HMRC have published draft guidance on the tax and national insurance (NI) position on journeys home from work and are inviting comments over the next five weeks.
Ordinary commuting journeys between a permanent workplace and home are private journeys for tax and NI purposes. This means that where the cost of that journey is met by an employer it is treated as a benefit in kind and a subsequent charge to tax and NICs will arise.
There are circumstances however, when an employee’s journey home from work late at night, paid for by their employer may be exempt from a tax and NICs charge. The draft guidance published by HMRC aims to clarify what those circumstances are and explains how to apply the criteria, which must be applied on each occasion, to decide whether or not the journey is exempt from tax and NICs.

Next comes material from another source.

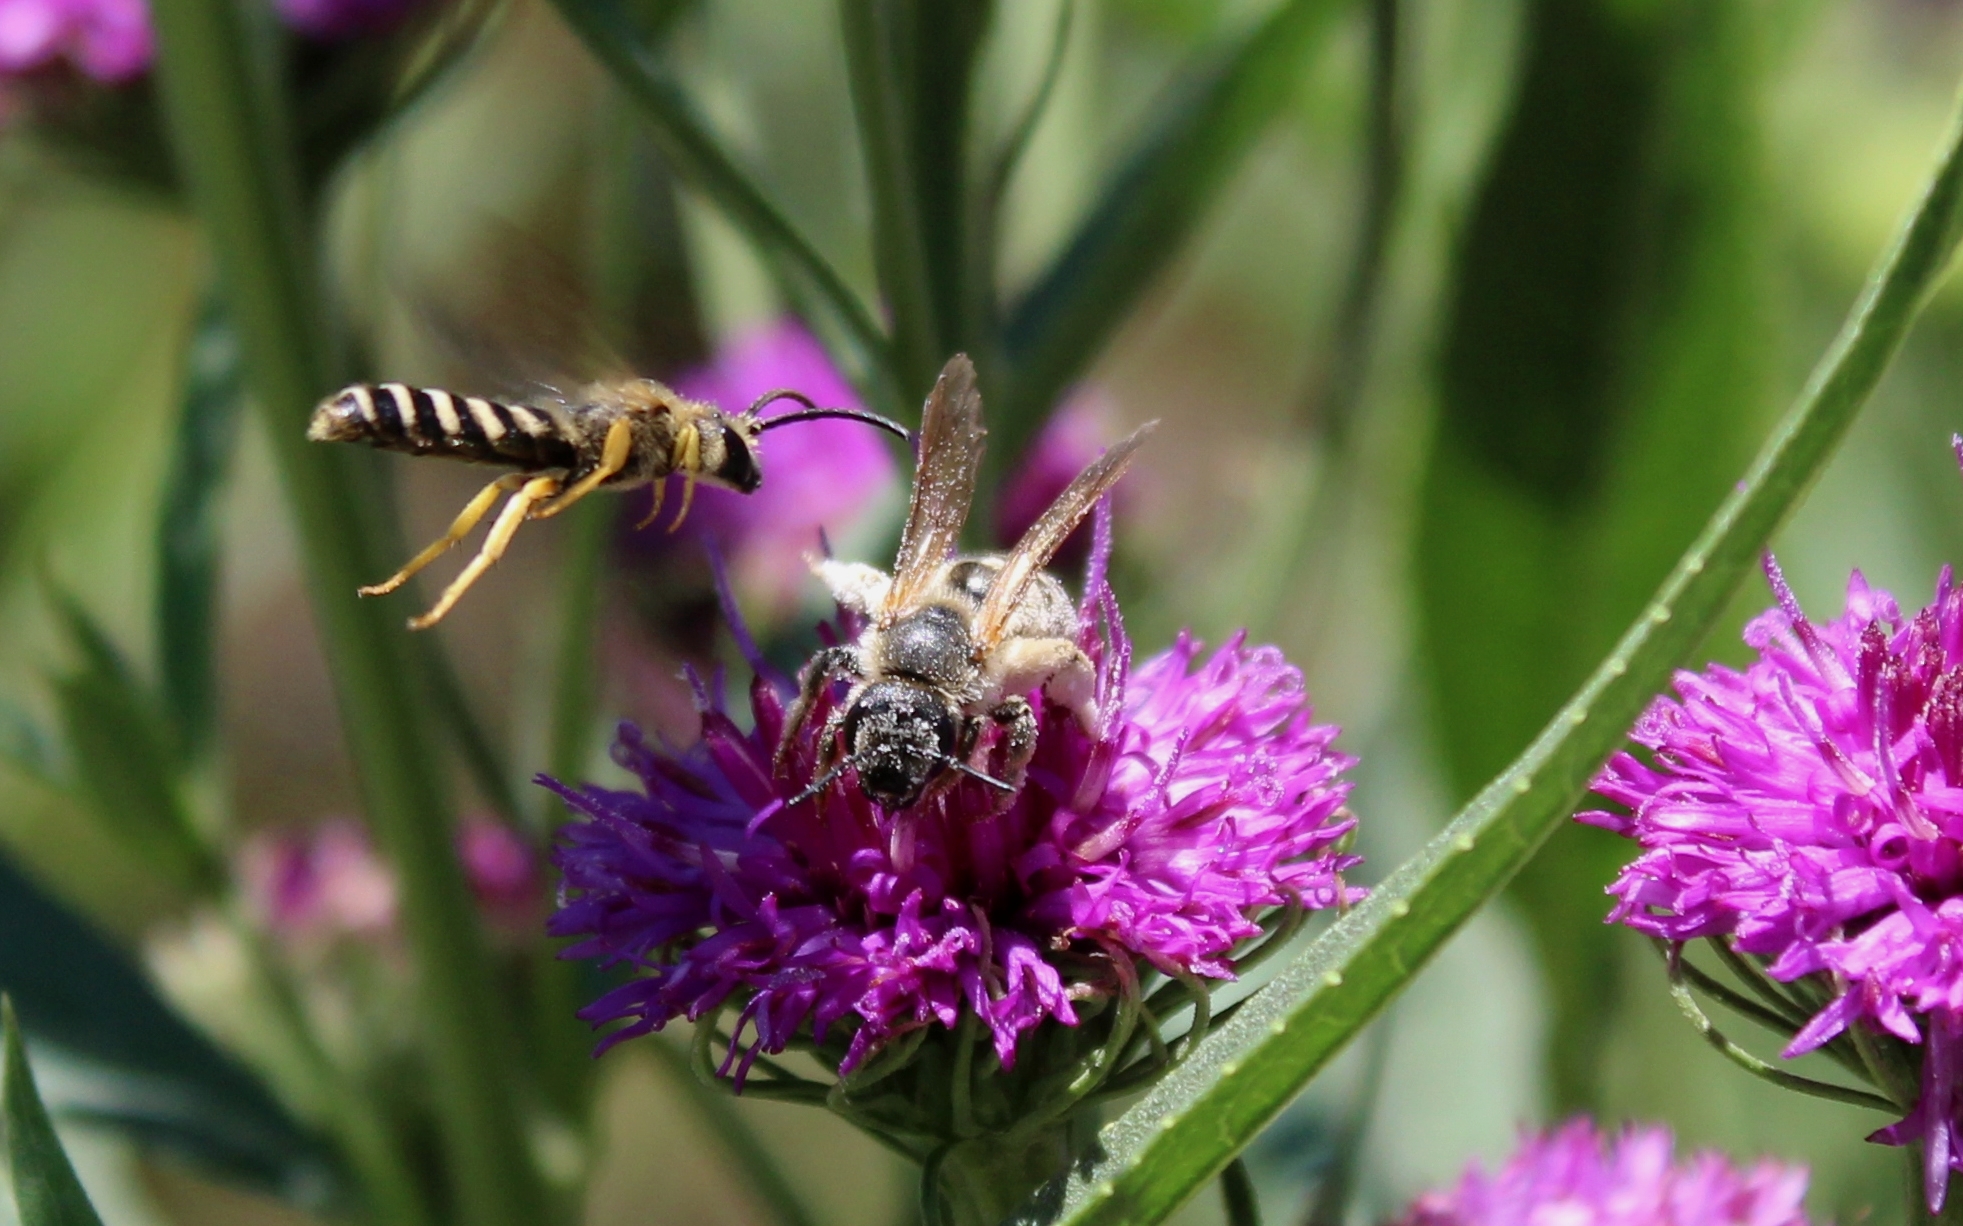 An aggressive insect approaches a hapless honeybee on a purple flower.

For example, where an employee is provided with a taxi paid for by his employer for a journey from work to home, the benefit will be exempt from charge under ITEPA 2003, s. 248, as long as:
- all the late working conditions are satisfied (see below); and
- the number of occasions in the tax year on which a taxi is provided is no more than 60.
For the exemption to apply, both these conditions must be satisfied on each occasion that an employee is provided with a taxi for a journey from work to home.
It is sometimes suggested that the exemption applies to the first 60 occasions in a year when a taxi is provided, regardless of the circumstances relating to the taxi being provided. This is not correct. ITEPA 2003, s. 248 is not an annual allowance - it provides an exemption from the income tax charge that would otherwise arise on the provision of a taxi home. It applies only when the late working conditions mentioned above are satisfied. The figure of 60 merely puts a ceiling on the number of journeys that qualify even where all the late working conditions are satisfied.
An employee may be provided with a taxi from work to home on average once a month, or once a week, but even though the total number of taxi journeys in the year is fewer than 60, the exemption in section 248 does not apply, unless all the late night working conditions are also met on each occasion as well.
There are three separate late night working conditions, which are as follows:
- the employee is required to work later than usual and until at least 9pm;
- this occurs irregularly; and
- by the time the employee ceases work either public transport has ceased, or it would not be reasonable to expect the employee to use public transport.